In explaining its aggressive move last week, the Fed said the outlook for economic growth had weakened and downside risks had risen. Policy-makers also said businesses and households were beginning to feel the pinch of tighter credit.
STOCK GAINS
The rate cut was unveiled a day after global stock markets fell sharply and before U.S. financial markets were due to reopen after the Martin Luther King Jr. Day holiday.
The emergency move, just eight days before the end of the U.S. central bank's regularly scheduled two-day policy-setting meeting, signaled a high degree of concern about financial market volatility and economic deterioration.
The Fed came under fire when it was revealed two days after its unexpected rate cut that French bank Societe Generale had incurred losses of more than $7 billion unwinding unauthorized trades by an employee.
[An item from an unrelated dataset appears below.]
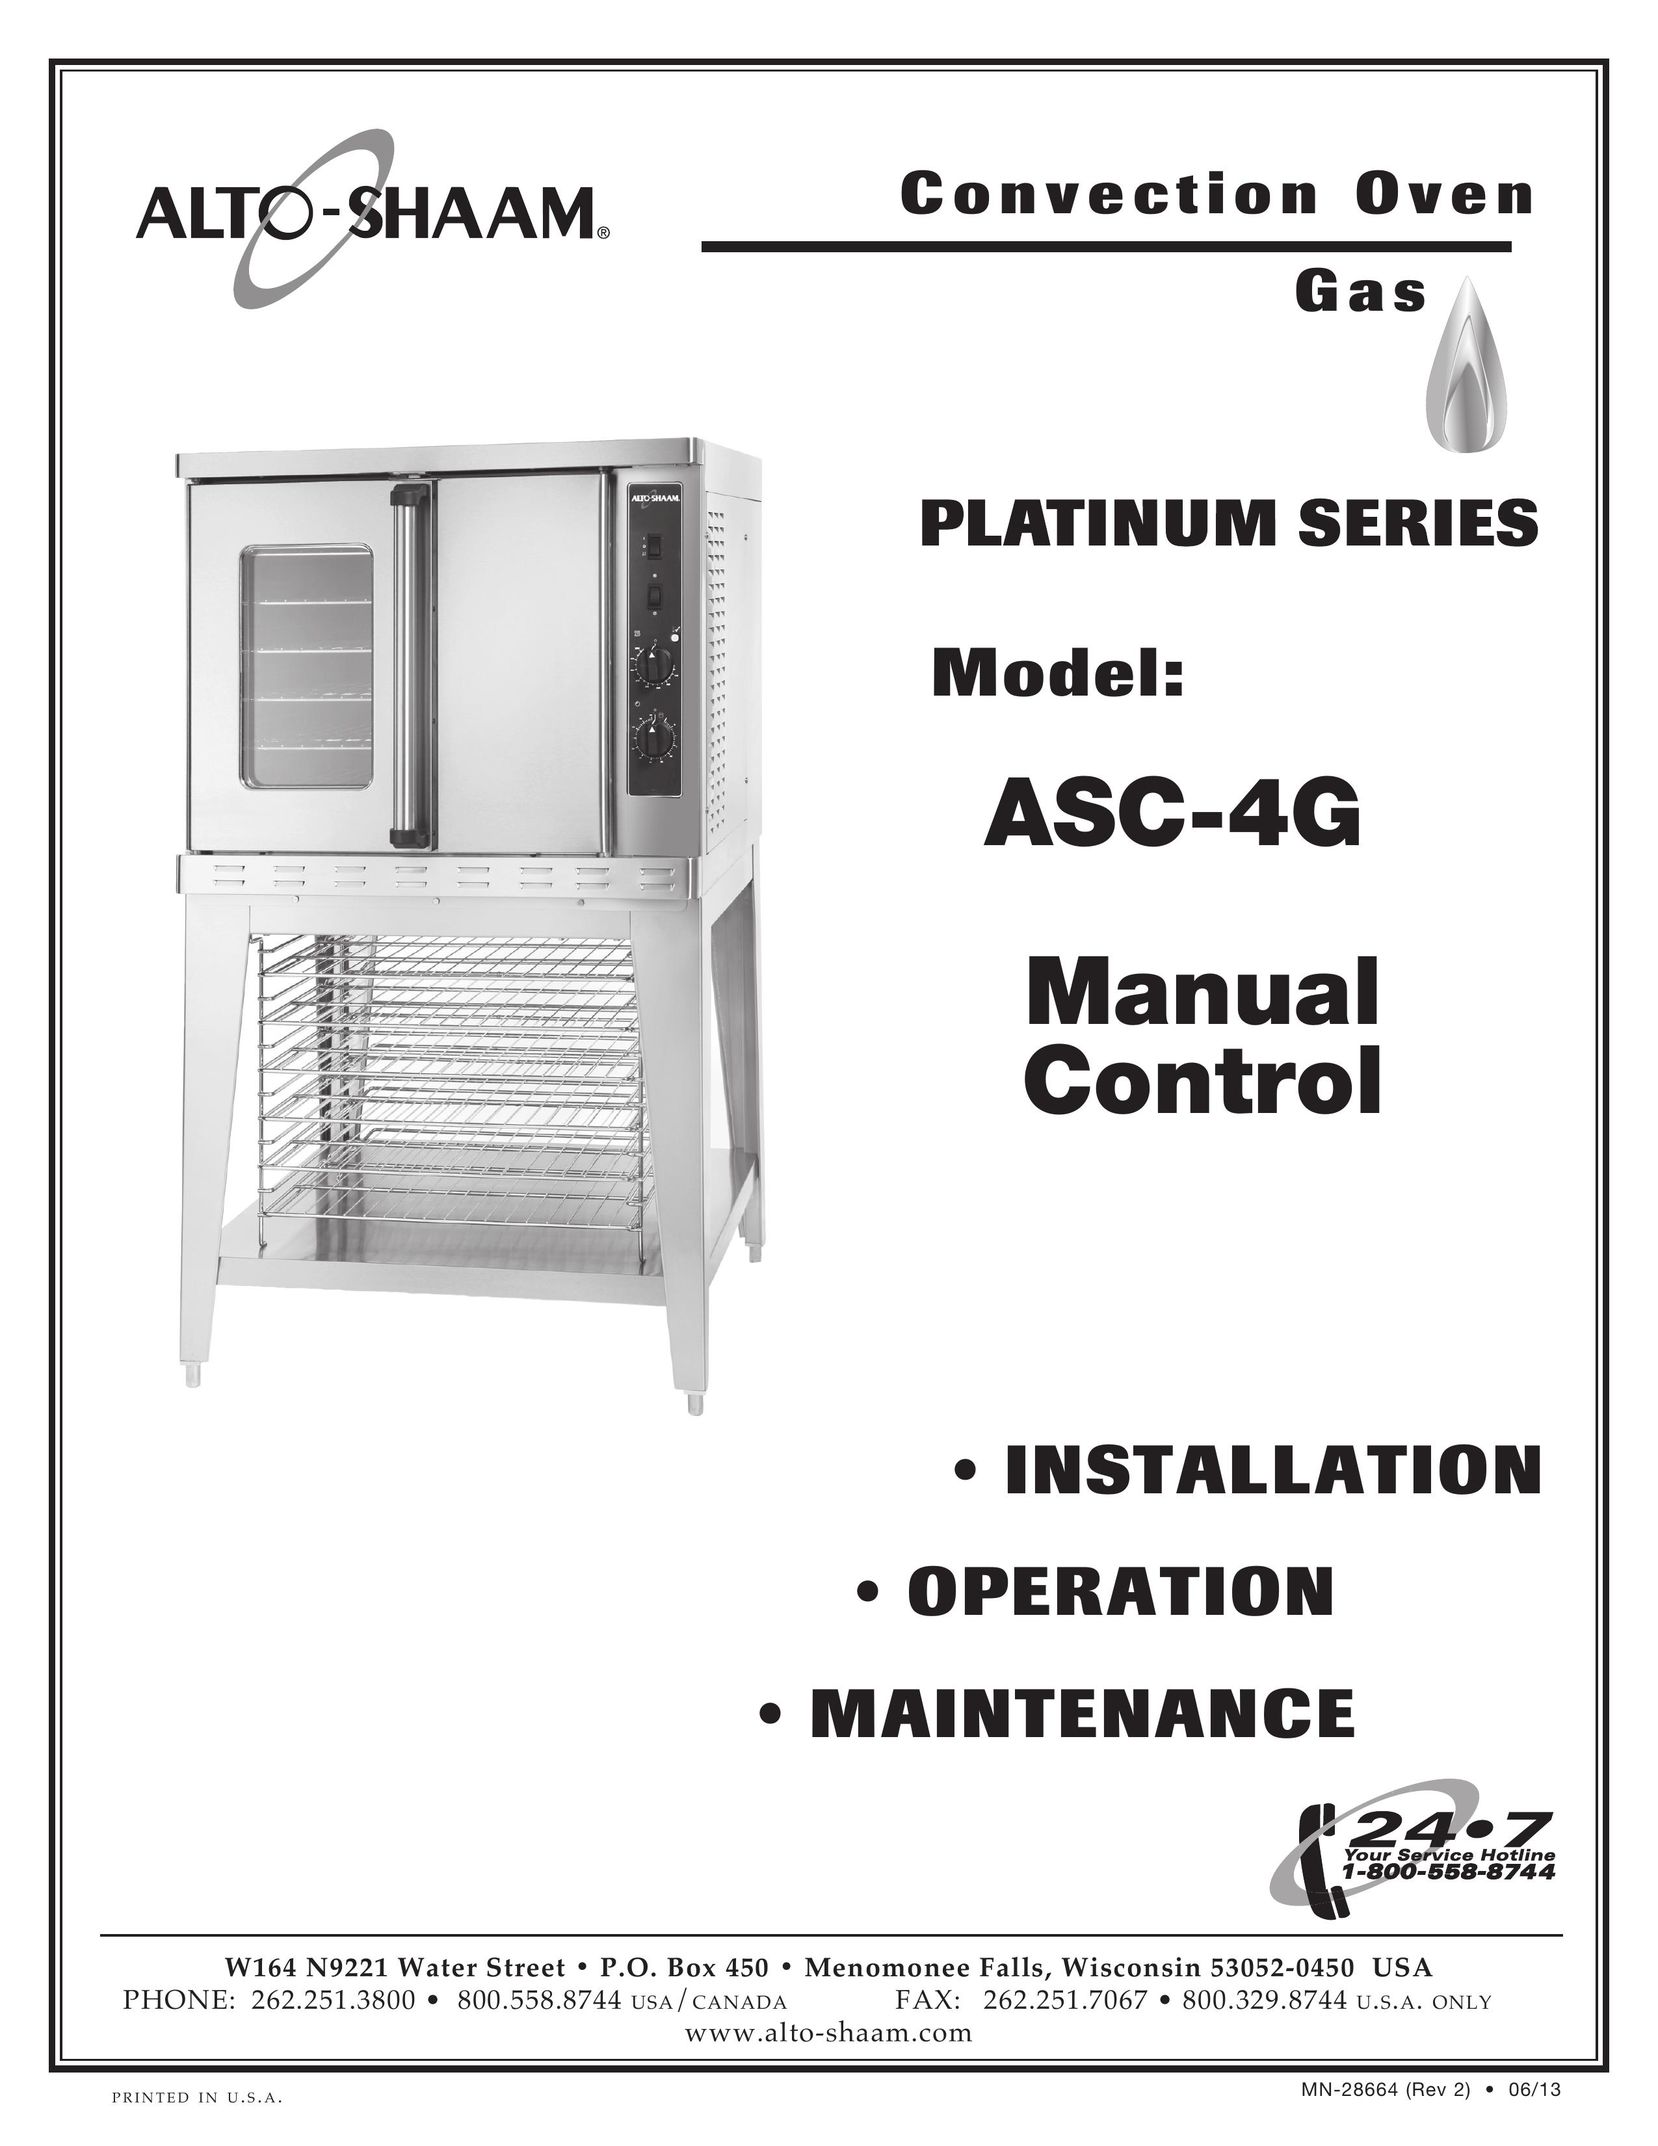 Alto-Shaam ASC-4G Convection Oven User Manual

Markets wondered whether the sales had pushed equity prices down, misleading the Fed into overreacting to the market sell-off.
A Fed official, however, said Monday's stock market declines were just one factor in the central bank's thinking, and that policy-makers were still comfortable with their decision.
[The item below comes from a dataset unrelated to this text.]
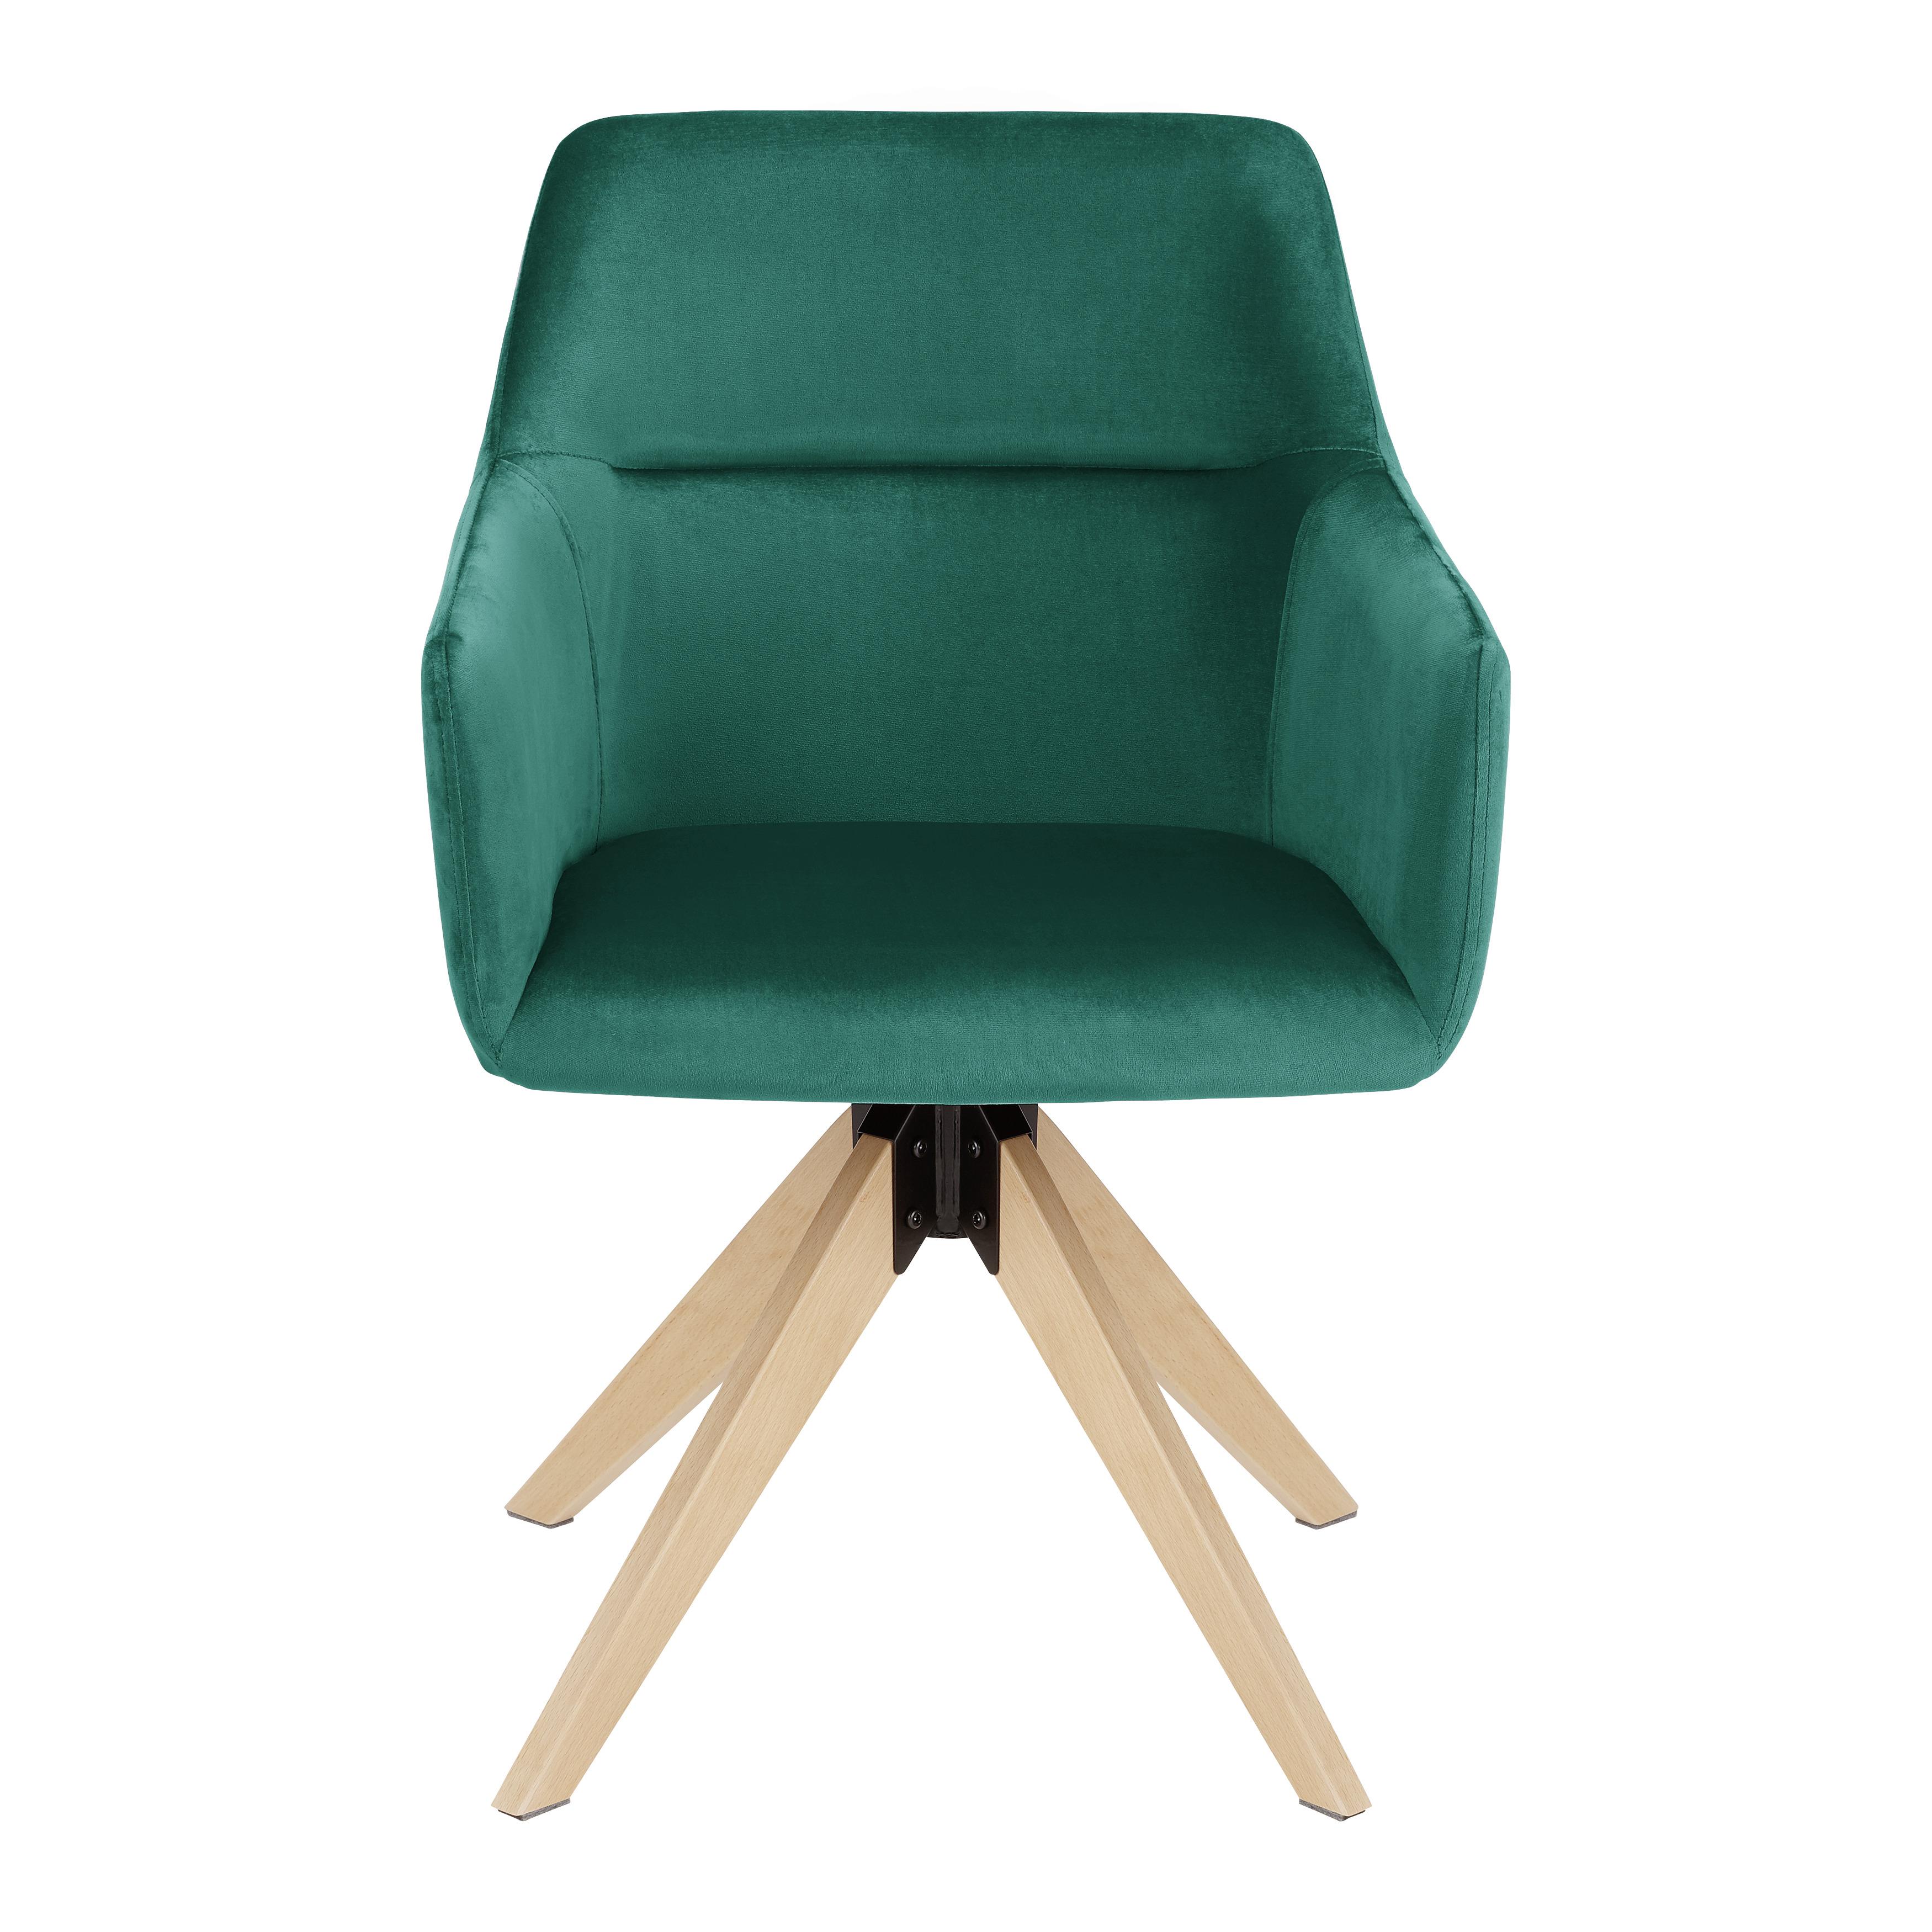 Jídelní Židle Sara Zelená - zelená/barvy buku, Moderní, dřevo/textil (57/84,5/57,5cm) - Modern Living

An additional factor many analysts believed influenced the Fed's inter-meeting move was credit-rating trouble among major bond insurers. Downgrades were seen as having the potential to spark a new wave of bank losses.
WEAK FOURTH QUARTER
While the U.S. economy grew at a robust 4.9 percent annual rate in the third quarter of 2007, gloomy economic data this month -- notably a report of weak hiring in December -- suggests growth has slowed abruptly, and a number of prominent economists have warned recession may be hard to avoid.
"By not cutting now, the Fed would miss an opportunity to support the economy in a timely manner and to get ahead of the curve," wrote UniCredit economist Harm Bandholz, who forecasts a half-point reduction. "The committee these days leans toward cutting the target rate too much rather than too little."
However, not all the economic data has been dismal.
A report released on Tuesday showed much stronger-than-expected demand for long-lasting U.S.-made goods in December, while weekly reports have shown initial claims for jobless benefits declining.
Fed officials will get a look at the government's estimate of fourth-quarter economic growth on Wednesday morning. Analysts polled by Reuters expect the economy expanded at a sluggish 1.2 percent annual rate over that period.